What happened? Pythran analyzed the body of fibo and found out it was a pure function (no effect on global state nor arguments) called with a literal, so it performed aggressive constant propagation. It also computed def-use chains which helps making every builtin explicit (__builtin__.print). Based on the the control flow graph of each function, it also adds return None wherever Python would implicit add it.

Advanced Transformations

An alluring aspect of Python for scientists is the high level constructs it proposes. For instance, the following code implements an (arguably) high level way of computing the wighted sum between five integers:

# wsum.py
import numpy as np
def wsum(v, w, x, y, z):
    return sum(np.array([v, w, x, y, z]) * (.1, .2, .3, .2, .1))

This code is okay from Numpy point of view, but how does Pythran handle it? Surely, building a temporary array just for the sake of performing a point-to-point array operation is not the most efficient way of performing these operation!

> pythran -P wsum.py
import numpy as __pythran_import_numpy
def wsum(v, w, x, y, z):
    return __builtin__.sum(((v * 0.1), (w * 0.2), (x * 0.3), (y * 0.2), (z * 0.1)))

Fascinating! (Yes, I'm self-congratulating there). Pythran understood that a Numpy operation on fixed-size array was involved, so it first performed the broadcasting on its own, resulting in:

import numpy as __pythran_import_numpy
def wsum(v, w, x, y, z):
    return __builtin__.sum(__pythran_import_numpy.array([(v * 0.1), (w * 0.2), (x * 0.3), (y * 0.2), (z * 0.1)]))

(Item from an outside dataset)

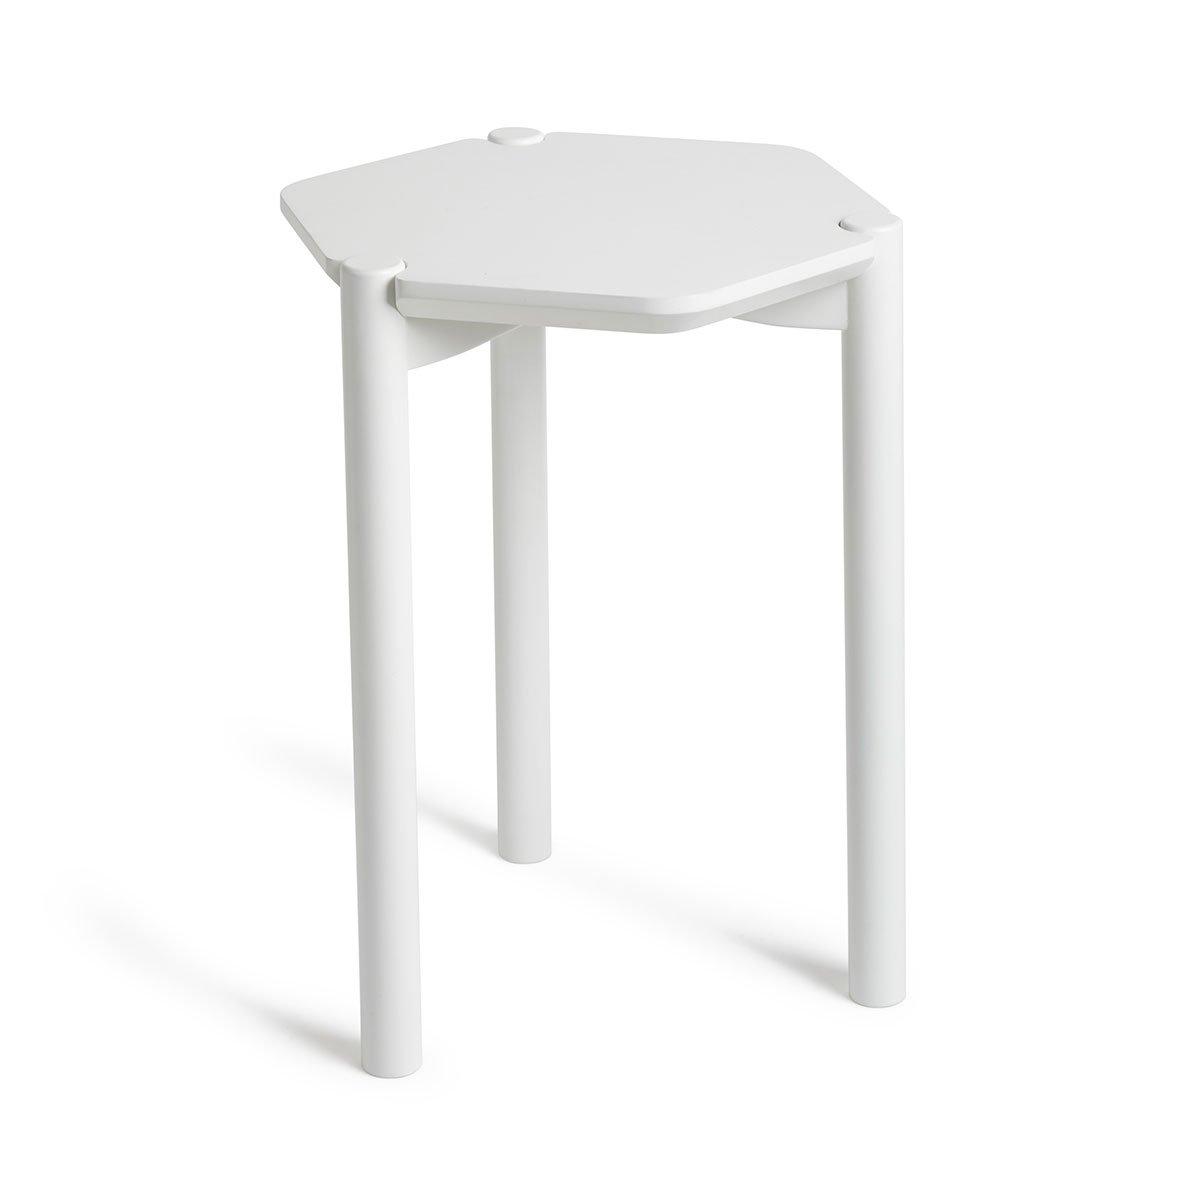 umbra HEXA SIDE TABLE(ヘクサ サイドテーブル) ホワイト 2320310660 B01ANF5ST4 ホワイト ホワイト

Then it used the fact that sum can take any iterable as parameter to prune the call to np.array. The nice thing with tuple of homogeneous type as parameter is that the C++ backend can use it to generate something equivalent to std::array<double, 5>, avoiding a heap allocation.

The Assembly Worker

Let's inspect the assembly generated from the above code, instantiated with the Pythran annotation #pythran export wsum(float64, float64, float64, float64, float64) and compiled with Clang 6.0

> CXX=clang++ pythran wsum.py
> objdump -S -C wsum.*.so
[...]
...  movsd  0x12d4(%rip),%xmm0
...  movsd  0x18(%rsp),%xmm2
...  mulsd  %xmm0,%xmm2
...  movsd  0x12ca(%rip),%xmm1
...  movsd  0x10(%rsp),%xmm3
...  mulsd  %xmm1,%xmm3
...  movsd  0x8(%rsp),%xmm4
...  mulsd  0x12ba(%rip),%xmm4
...  movsd  (%rsp),%xmm5
...  mulsd  %xmm0,%xmm5
...  movsd  0x20(%rsp),%xmm0
...  mulsd  %xmm1,%xmm0
...  addsd  %xmm5,%xmm0
...  addsd  %xmm4,%xmm0
...  addsd  %xmm3,%xmm0
...  addsd  %xmm2,%xmm0
[...]

No single call to a memory allocator, no branching, just a plain listing of movsd, mulsd and addsd. And quite some register pressure, but that's how it is.

Just perf it

As a tribute to Victor Stinner's perf module, and as a conclusion to this small experiment, let's ensure we get some speedup, event for such a small kernel:

> rm *.so
> python -m perf timeit -s 'from wsum import wsum' 'wsum(1.,2.,3.,4.,5.)'
.....................
Mean +- std dev: 3.73 us +- 0.11 us
> CXX=clang++ pythran wsum.py
> python -m perf timeit -s 'from wsum import wsum' 'wsum(1.,2.,3.,4.,5.)'
.....................
Mean +- std dev: 190 ns +- 3 ns

And out of curiosity, let's check the timing with the transformed Python kernel.

> rm *.so
> pythran -P wsum.py | sed 's,__builtin__.,,' > wsum2.py
> python -m perf timeit -s 'from wsum2 import wsum' 'wsum(1.,2.,3.,4.,5.)'
.....................
Mean +- std dev: 308 ns +- 7 ns

Fine! Pythran did the job in both cases :-)

Final Words

The optimisations done by Pythran are meant at optimising its internal representation so that translated code compiles to an efficient native library. Still, being able to debug it at Python level is very valuable, and it can even generate faster Python code in some cases!